● **Exercise requirements**
Make an exact copy of the data below, leaving out every picture.

● **Information supplied**

════════════════

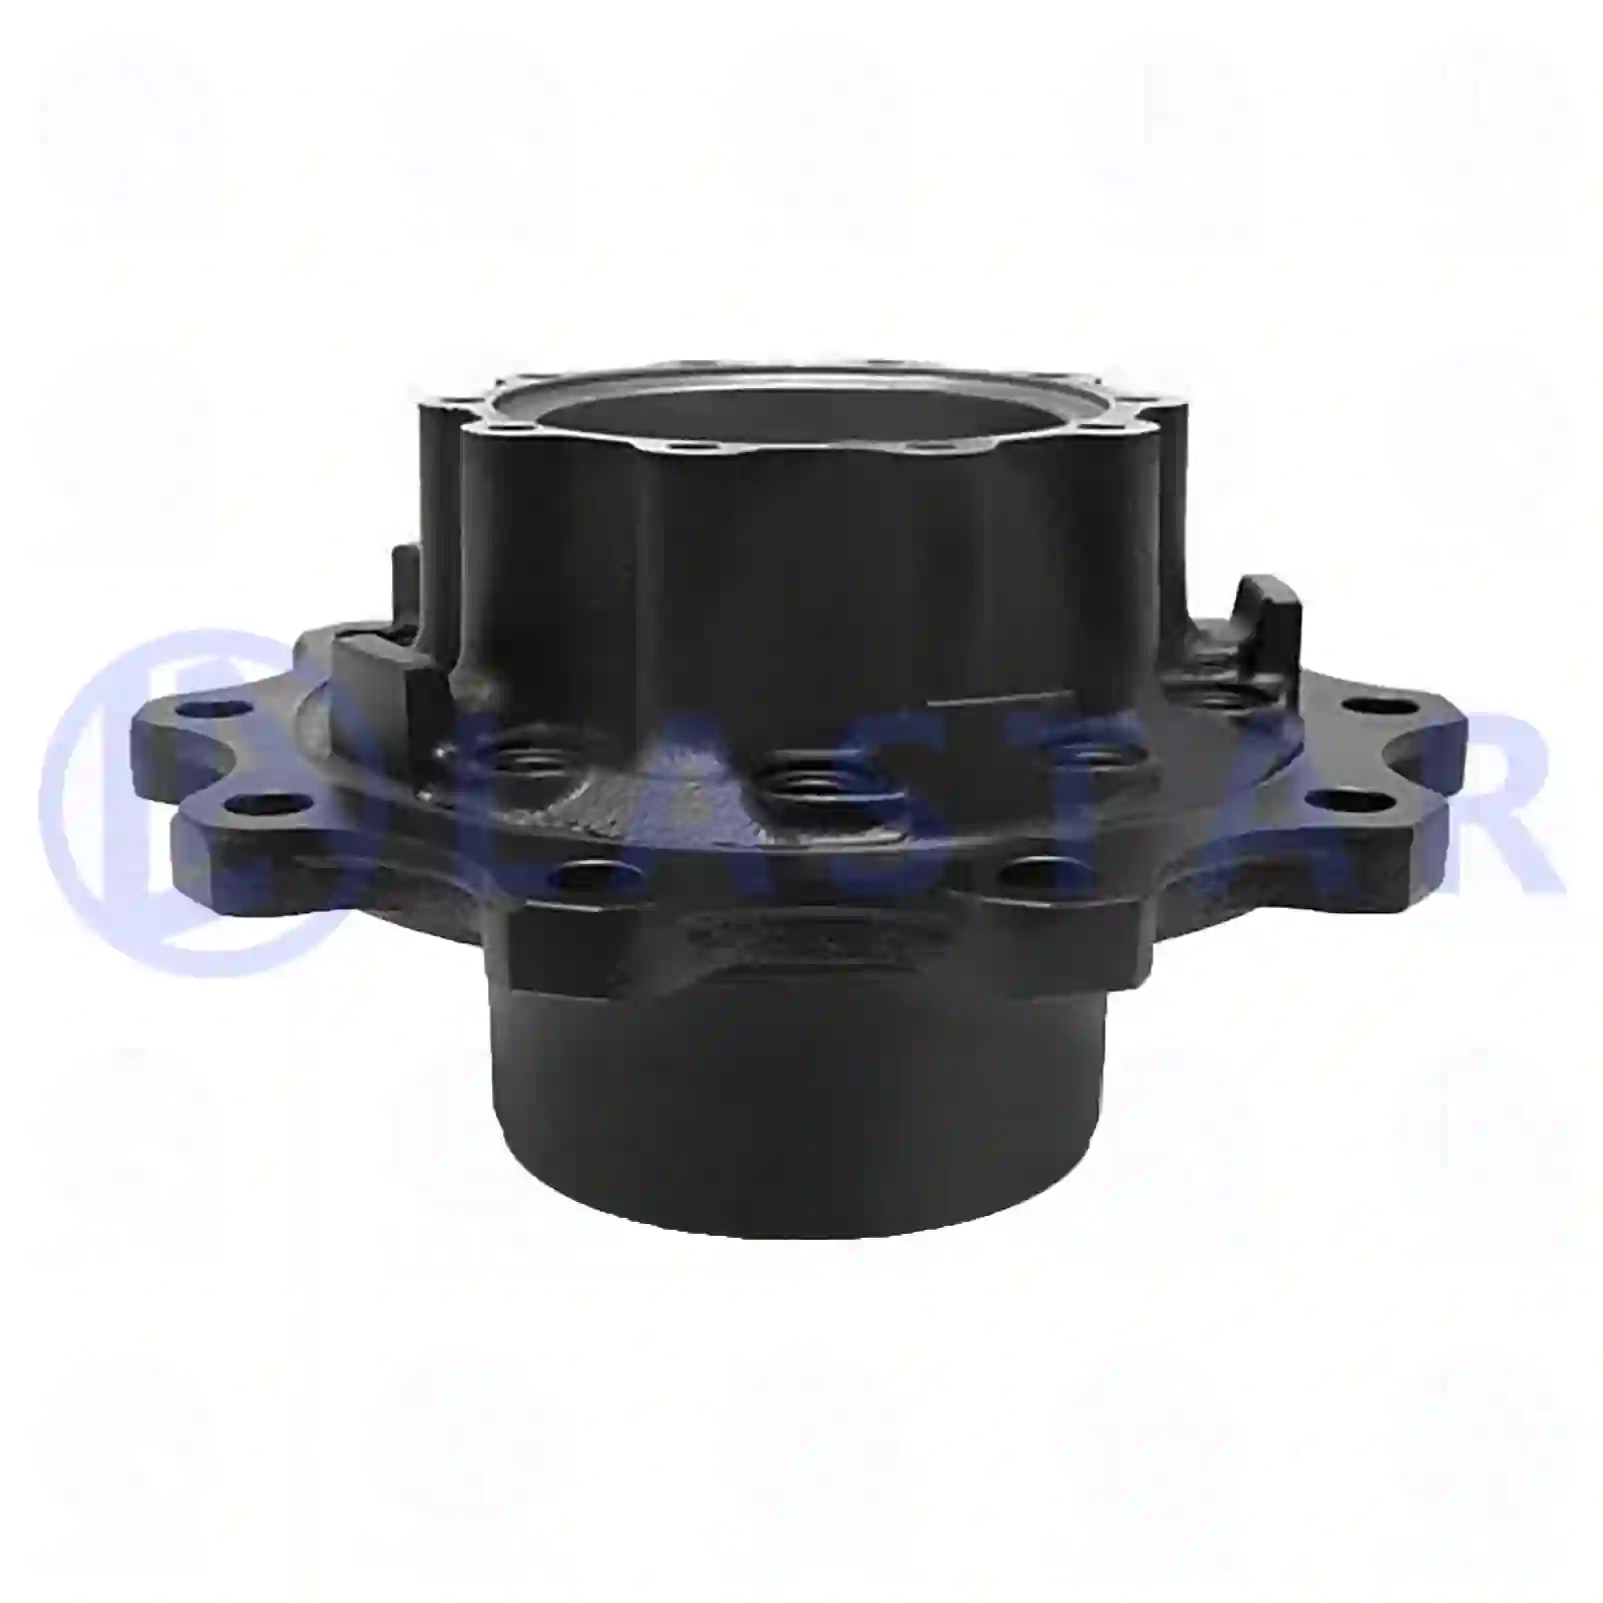 Wheel hub, without bearings, 77726954, 1724790, , , , , ||  77726954 Lastar Spare Part | Truck Spare Parts, Auotomotive Spare Parts Wheel hub, without bearings, 77726954, 1724790, , , , , ||  77726954 Lastar Spare Part | Truck Spare Parts, Auotomotive Spare Parts
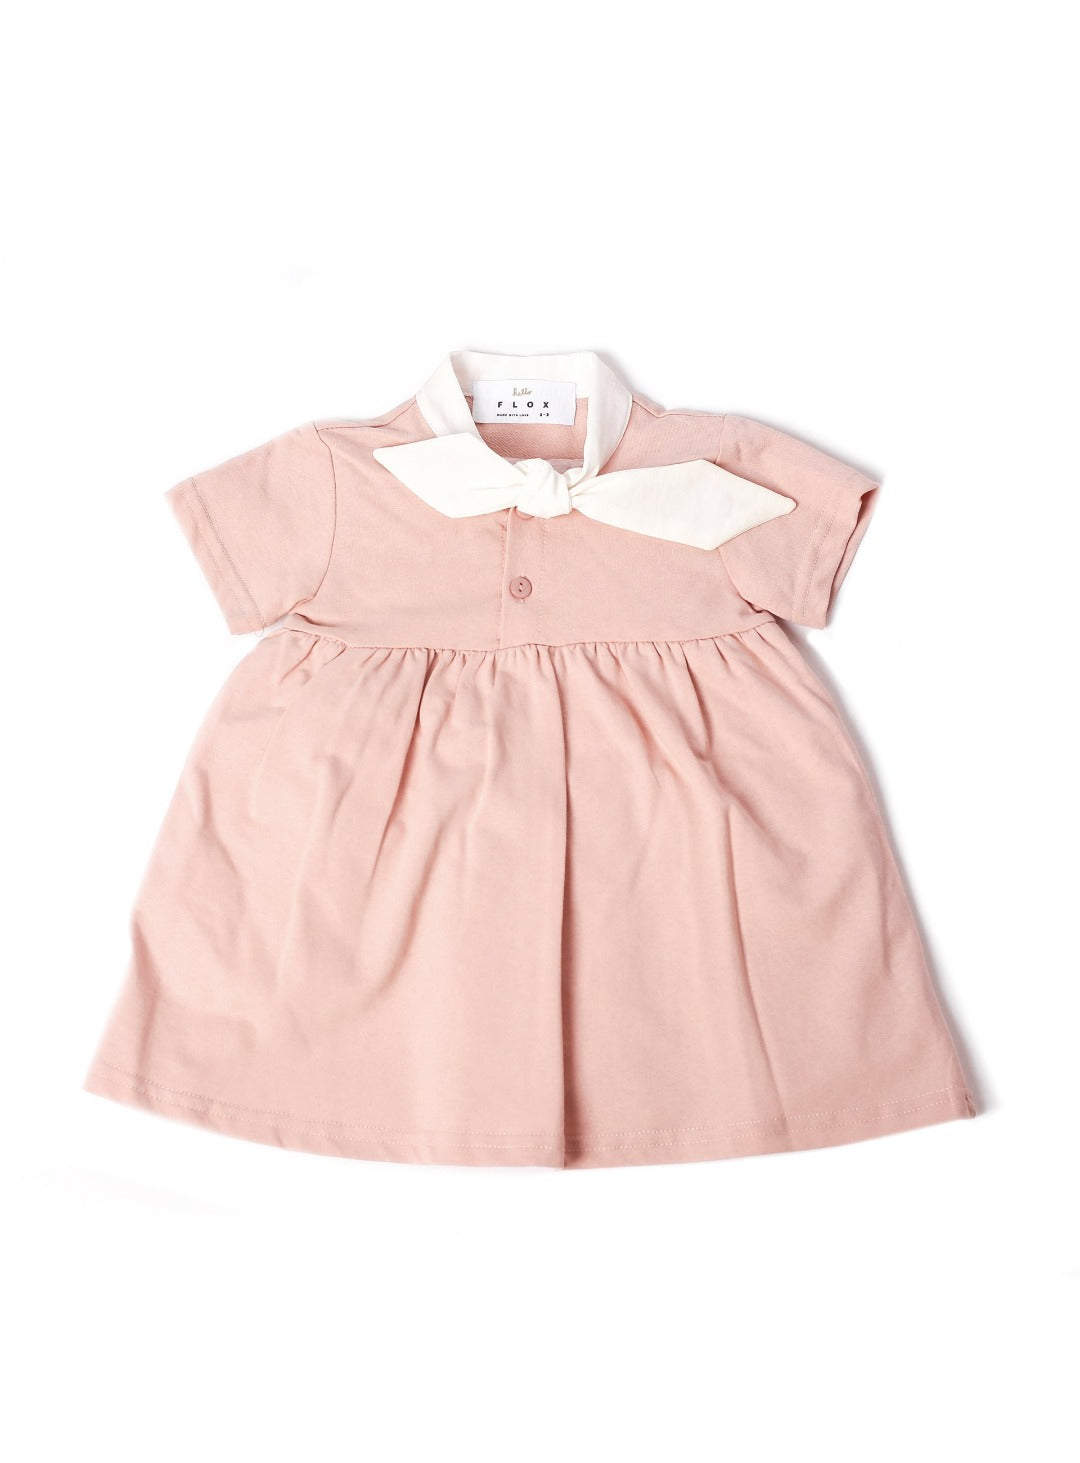 ballerina pink dress with white bow collar
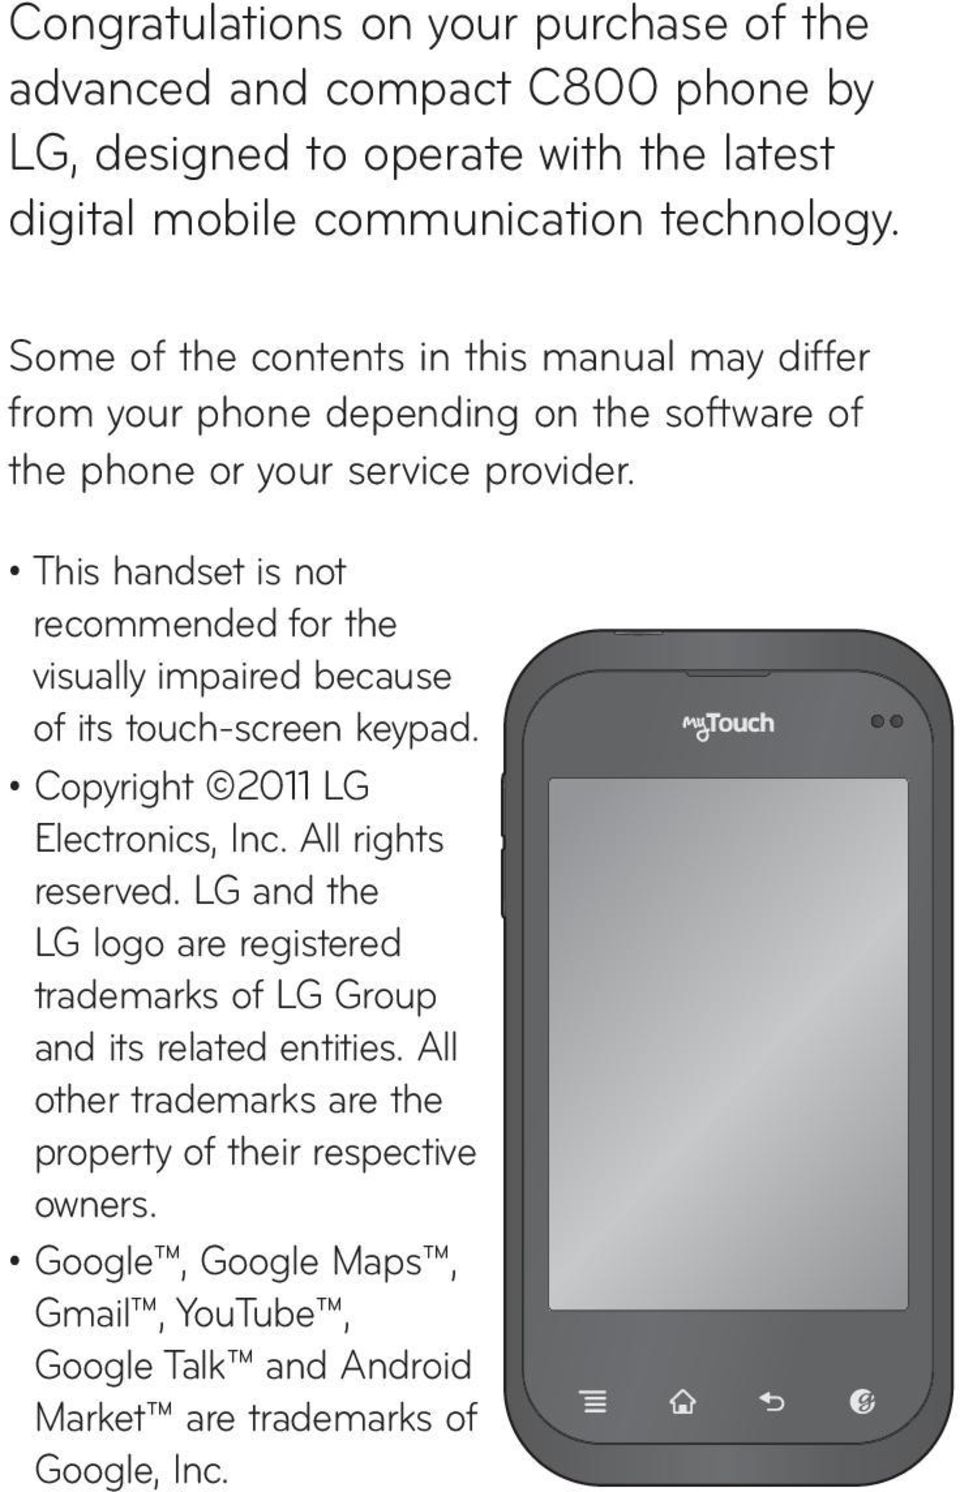 This handset is not recommended for the visually impaired because of its touch-screen keypad. Copyright 2011 LG Electronics, Inc. All rights reserved.

════════════════

● **Answer for the task**
 Wheel hub, without bearings, 77726954, 1724790, , , , , ||  77726954 Lastar Spare Part | Truck Spare Parts, Auotomotive Spare Parts Wheel hub, without bearings, 77726954, 1724790, , , , , ||  77726954 Lastar Spare Part | Truck Spare Parts, Auotomotive Spare Parts
 ballerina pink dress with white bow collar
 This handset is not recommended for the visually impaired because of its touch-screen keypad. Copyright 2011 LG Electronics, Inc. All rights reserved.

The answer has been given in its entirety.